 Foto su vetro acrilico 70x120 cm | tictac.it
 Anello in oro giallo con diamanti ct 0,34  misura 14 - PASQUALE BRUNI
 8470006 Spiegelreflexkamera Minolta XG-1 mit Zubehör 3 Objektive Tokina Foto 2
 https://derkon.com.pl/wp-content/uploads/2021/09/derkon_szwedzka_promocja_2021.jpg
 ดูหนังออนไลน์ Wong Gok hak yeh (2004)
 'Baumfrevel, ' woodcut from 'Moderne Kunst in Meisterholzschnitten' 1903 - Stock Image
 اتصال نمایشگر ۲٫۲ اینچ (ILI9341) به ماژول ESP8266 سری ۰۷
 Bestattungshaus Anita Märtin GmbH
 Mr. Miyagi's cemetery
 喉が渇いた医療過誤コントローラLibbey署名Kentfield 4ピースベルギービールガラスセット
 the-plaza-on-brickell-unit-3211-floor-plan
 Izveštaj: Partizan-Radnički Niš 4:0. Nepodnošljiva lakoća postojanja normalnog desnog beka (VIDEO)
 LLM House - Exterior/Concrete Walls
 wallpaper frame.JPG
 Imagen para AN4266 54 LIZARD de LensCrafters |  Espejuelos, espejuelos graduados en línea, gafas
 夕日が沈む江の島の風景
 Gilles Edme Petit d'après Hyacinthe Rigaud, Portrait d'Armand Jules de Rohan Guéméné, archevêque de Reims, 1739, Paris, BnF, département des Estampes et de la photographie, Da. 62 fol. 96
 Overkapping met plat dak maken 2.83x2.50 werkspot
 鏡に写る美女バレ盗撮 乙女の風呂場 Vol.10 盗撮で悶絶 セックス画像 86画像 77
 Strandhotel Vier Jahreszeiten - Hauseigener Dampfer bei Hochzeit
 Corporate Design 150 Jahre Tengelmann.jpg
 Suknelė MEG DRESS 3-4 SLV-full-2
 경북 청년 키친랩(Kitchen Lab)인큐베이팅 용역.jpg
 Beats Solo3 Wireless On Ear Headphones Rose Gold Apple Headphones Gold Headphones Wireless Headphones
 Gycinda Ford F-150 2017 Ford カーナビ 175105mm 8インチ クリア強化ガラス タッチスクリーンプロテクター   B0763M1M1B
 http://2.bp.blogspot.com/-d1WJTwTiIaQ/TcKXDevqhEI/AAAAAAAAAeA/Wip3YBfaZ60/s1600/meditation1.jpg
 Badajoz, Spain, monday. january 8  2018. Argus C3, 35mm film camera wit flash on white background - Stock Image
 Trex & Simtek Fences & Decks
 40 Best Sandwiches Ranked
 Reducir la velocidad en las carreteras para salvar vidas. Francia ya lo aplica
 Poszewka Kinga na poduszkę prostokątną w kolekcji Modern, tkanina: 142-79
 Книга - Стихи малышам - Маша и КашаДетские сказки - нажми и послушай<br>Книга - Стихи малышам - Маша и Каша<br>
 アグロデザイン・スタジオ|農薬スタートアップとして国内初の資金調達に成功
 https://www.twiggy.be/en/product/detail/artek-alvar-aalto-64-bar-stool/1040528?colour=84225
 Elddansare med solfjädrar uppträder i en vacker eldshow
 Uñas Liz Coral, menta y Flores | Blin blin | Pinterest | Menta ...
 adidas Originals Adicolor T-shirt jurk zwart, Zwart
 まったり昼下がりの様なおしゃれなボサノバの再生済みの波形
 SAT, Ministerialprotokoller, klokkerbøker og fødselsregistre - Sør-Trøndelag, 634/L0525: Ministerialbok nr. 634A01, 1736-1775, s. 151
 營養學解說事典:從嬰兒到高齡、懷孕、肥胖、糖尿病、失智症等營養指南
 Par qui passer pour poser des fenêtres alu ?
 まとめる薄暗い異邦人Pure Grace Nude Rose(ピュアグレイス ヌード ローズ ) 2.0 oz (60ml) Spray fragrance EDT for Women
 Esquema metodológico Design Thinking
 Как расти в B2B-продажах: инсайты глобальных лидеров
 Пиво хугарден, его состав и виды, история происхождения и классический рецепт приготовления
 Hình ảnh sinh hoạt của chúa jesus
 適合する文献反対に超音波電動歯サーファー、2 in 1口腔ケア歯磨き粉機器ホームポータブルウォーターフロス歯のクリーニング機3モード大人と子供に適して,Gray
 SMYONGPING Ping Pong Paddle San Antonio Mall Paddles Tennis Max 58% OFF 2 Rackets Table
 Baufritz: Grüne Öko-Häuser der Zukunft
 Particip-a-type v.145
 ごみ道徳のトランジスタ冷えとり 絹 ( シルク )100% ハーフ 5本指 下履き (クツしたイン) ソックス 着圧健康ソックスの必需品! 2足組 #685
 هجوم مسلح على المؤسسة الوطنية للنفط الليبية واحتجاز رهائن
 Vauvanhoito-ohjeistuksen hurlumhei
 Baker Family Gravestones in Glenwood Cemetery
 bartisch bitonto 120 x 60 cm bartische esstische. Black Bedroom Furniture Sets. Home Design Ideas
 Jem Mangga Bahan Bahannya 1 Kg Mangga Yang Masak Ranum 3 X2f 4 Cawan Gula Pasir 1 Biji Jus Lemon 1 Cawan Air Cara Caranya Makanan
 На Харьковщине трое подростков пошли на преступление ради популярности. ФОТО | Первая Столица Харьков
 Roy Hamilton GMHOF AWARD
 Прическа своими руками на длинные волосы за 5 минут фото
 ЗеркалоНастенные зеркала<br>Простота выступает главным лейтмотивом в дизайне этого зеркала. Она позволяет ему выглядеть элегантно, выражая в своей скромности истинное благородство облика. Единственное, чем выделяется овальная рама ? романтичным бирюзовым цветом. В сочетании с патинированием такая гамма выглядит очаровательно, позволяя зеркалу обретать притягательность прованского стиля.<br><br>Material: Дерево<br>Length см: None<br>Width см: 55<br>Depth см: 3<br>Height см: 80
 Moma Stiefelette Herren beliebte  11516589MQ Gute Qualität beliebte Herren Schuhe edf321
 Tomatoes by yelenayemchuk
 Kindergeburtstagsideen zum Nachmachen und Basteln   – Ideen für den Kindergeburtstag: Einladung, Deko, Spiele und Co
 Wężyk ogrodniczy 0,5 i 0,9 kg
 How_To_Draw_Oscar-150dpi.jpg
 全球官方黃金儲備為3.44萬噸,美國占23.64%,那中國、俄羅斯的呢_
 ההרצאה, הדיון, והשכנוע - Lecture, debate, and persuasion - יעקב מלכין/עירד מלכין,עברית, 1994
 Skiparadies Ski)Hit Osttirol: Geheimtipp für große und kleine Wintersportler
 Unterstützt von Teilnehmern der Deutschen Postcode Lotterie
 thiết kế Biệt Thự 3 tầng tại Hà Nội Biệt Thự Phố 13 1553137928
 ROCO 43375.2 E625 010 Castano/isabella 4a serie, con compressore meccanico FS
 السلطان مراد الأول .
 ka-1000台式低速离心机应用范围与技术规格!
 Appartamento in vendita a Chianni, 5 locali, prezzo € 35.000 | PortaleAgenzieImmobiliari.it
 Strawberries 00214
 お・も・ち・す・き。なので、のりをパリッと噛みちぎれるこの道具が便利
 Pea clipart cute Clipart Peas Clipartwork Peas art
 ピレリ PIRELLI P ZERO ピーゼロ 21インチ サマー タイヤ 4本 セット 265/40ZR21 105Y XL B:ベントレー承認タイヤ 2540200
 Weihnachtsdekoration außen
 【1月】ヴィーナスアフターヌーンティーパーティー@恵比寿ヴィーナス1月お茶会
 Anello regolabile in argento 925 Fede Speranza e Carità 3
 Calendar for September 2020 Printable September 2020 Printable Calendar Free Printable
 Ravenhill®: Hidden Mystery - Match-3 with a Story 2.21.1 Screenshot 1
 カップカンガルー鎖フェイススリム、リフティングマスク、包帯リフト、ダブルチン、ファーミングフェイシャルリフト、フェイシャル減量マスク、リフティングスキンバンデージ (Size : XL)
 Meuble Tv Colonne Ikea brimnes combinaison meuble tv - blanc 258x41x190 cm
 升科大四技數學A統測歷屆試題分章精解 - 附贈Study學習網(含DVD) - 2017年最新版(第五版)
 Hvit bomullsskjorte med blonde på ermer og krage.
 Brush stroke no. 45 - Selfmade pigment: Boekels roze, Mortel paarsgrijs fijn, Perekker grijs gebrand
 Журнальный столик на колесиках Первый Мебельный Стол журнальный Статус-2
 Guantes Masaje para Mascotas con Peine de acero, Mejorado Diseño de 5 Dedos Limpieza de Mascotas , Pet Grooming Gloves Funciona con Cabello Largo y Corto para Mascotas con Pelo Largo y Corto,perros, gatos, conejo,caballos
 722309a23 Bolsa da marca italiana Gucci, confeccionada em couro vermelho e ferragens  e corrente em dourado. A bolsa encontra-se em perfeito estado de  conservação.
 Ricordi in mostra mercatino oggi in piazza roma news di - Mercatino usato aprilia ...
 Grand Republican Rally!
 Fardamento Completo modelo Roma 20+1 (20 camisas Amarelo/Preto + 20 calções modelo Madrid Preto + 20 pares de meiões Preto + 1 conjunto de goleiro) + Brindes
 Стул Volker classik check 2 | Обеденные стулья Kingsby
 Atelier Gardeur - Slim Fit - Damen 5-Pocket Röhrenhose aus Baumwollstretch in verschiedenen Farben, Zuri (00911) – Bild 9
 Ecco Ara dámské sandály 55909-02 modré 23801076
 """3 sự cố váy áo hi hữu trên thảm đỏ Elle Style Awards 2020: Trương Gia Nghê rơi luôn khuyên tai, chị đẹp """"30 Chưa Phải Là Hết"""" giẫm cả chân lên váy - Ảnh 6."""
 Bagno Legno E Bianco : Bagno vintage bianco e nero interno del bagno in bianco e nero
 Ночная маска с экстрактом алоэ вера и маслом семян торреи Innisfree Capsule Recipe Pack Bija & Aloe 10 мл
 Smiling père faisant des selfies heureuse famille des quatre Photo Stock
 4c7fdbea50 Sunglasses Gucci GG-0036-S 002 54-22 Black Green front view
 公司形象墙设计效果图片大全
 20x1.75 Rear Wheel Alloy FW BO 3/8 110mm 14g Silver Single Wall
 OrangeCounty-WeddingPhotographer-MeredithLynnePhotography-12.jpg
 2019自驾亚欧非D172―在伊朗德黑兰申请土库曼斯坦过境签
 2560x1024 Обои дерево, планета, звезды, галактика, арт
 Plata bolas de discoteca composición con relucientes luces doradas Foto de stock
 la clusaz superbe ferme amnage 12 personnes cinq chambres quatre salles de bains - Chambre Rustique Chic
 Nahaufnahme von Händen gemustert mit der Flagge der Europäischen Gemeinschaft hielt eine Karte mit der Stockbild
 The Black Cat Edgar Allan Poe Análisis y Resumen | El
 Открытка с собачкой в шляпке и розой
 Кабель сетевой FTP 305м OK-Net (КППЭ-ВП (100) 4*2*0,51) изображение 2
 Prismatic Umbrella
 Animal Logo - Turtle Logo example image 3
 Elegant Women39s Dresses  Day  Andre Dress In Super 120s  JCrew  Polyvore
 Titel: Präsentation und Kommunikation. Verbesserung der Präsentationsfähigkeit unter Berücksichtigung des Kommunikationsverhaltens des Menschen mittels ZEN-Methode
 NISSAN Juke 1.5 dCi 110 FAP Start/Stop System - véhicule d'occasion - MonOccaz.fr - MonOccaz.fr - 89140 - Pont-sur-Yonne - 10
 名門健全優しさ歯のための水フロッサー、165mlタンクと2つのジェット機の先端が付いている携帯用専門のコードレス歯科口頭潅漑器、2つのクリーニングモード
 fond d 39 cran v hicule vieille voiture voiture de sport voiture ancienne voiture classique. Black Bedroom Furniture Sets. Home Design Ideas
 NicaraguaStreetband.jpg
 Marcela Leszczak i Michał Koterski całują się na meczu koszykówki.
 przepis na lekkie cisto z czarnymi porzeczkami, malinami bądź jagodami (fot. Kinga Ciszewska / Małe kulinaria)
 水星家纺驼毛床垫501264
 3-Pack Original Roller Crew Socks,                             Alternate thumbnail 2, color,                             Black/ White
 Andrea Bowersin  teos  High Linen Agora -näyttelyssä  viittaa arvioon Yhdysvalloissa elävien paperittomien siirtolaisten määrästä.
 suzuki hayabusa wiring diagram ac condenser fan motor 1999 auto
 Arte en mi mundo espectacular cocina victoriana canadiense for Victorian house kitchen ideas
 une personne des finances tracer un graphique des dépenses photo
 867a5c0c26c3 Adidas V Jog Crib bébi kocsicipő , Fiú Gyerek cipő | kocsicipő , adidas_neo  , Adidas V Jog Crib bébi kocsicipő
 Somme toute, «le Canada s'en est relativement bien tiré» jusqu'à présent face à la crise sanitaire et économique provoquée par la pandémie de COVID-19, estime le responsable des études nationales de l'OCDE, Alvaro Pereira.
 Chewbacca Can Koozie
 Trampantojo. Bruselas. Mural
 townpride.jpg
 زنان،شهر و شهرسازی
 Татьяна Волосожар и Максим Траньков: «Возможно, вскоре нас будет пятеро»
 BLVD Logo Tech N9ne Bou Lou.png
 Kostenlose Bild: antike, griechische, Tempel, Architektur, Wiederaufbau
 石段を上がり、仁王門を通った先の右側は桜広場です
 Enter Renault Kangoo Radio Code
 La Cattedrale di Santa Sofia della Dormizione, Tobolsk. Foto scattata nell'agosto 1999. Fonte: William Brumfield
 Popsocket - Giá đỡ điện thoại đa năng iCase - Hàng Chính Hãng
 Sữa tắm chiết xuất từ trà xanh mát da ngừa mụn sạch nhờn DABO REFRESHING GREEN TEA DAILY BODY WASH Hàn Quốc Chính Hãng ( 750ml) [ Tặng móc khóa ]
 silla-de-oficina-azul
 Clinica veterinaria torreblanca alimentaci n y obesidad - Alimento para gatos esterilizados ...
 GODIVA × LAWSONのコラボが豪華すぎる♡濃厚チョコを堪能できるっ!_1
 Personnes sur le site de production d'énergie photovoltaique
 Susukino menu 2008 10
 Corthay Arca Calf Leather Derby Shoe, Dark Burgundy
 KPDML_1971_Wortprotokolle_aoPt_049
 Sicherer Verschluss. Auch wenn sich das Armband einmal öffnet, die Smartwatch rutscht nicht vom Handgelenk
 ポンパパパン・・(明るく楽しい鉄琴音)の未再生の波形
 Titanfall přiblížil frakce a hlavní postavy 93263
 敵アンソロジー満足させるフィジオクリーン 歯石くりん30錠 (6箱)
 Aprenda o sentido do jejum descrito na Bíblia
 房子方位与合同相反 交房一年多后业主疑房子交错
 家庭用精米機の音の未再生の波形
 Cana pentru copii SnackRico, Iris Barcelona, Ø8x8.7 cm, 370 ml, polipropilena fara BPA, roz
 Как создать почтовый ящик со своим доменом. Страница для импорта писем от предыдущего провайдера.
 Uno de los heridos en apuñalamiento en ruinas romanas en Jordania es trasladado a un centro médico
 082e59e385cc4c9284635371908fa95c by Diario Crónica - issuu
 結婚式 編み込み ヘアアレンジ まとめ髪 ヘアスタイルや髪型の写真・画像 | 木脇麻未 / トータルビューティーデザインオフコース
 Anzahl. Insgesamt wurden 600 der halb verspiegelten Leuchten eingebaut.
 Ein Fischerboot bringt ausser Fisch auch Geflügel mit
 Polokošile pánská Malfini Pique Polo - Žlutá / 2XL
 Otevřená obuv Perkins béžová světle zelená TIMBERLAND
--------
» Aim of the exercise
The first line of the listing above through the line containing "鏡に写る美女バレ盗撮 乙女の風呂場 Vol.10": print exactly that, both ends included.

» Finished exercise
 Foto su vetro acrilico 70x120 cm | tictac.it
 Anello in oro giallo con diamanti ct 0,34  misura 14 - PASQUALE BRUNI
 8470006 Spiegelreflexkamera Minolta XG-1 mit Zubehör 3 Objektive Tokina Foto 2
 https://derkon.com.pl/wp-content/uploads/2021/09/derkon_szwedzka_promocja_2021.jpg
 ดูหนังออนไลน์ Wong Gok hak yeh (2004)
 'Baumfrevel, ' woodcut from 'Moderne Kunst in Meisterholzschnitten' 1903 - Stock Image
 اتصال نمایشگر ۲٫۲ اینچ (ILI9341) به ماژول ESP8266 سری ۰۷
 Bestattungshaus Anita Märtin GmbH
 Mr. Miyagi's cemetery
 喉が渇いた医療過誤コントローラLibbey署名Kentfield 4ピースベルギービールガラスセット
 the-plaza-on-brickell-unit-3211-floor-plan
 Izveštaj: Partizan-Radnički Niš 4:0. Nepodnošljiva lakoća postojanja normalnog desnog beka (VIDEO)
 LLM House - Exterior/Concrete Walls
 wallpaper frame.JPG
 Imagen para AN4266 54 LIZARD de LensCrafters |  Espejuelos, espejuelos graduados en línea, gafas
 夕日が沈む江の島の風景
 Gilles Edme Petit d'après Hyacinthe Rigaud, Portrait d'Armand Jules de Rohan Guéméné, archevêque de Reims, 1739, Paris, BnF, département des Estampes et de la photographie, Da. 62 fol. 96
 Overkapping met plat dak maken 2.83x2.50 werkspot
 鏡に写る美女バレ盗撮 乙女の風呂場 Vol.10 盗撮で悶絶 セックス画像 86画像 77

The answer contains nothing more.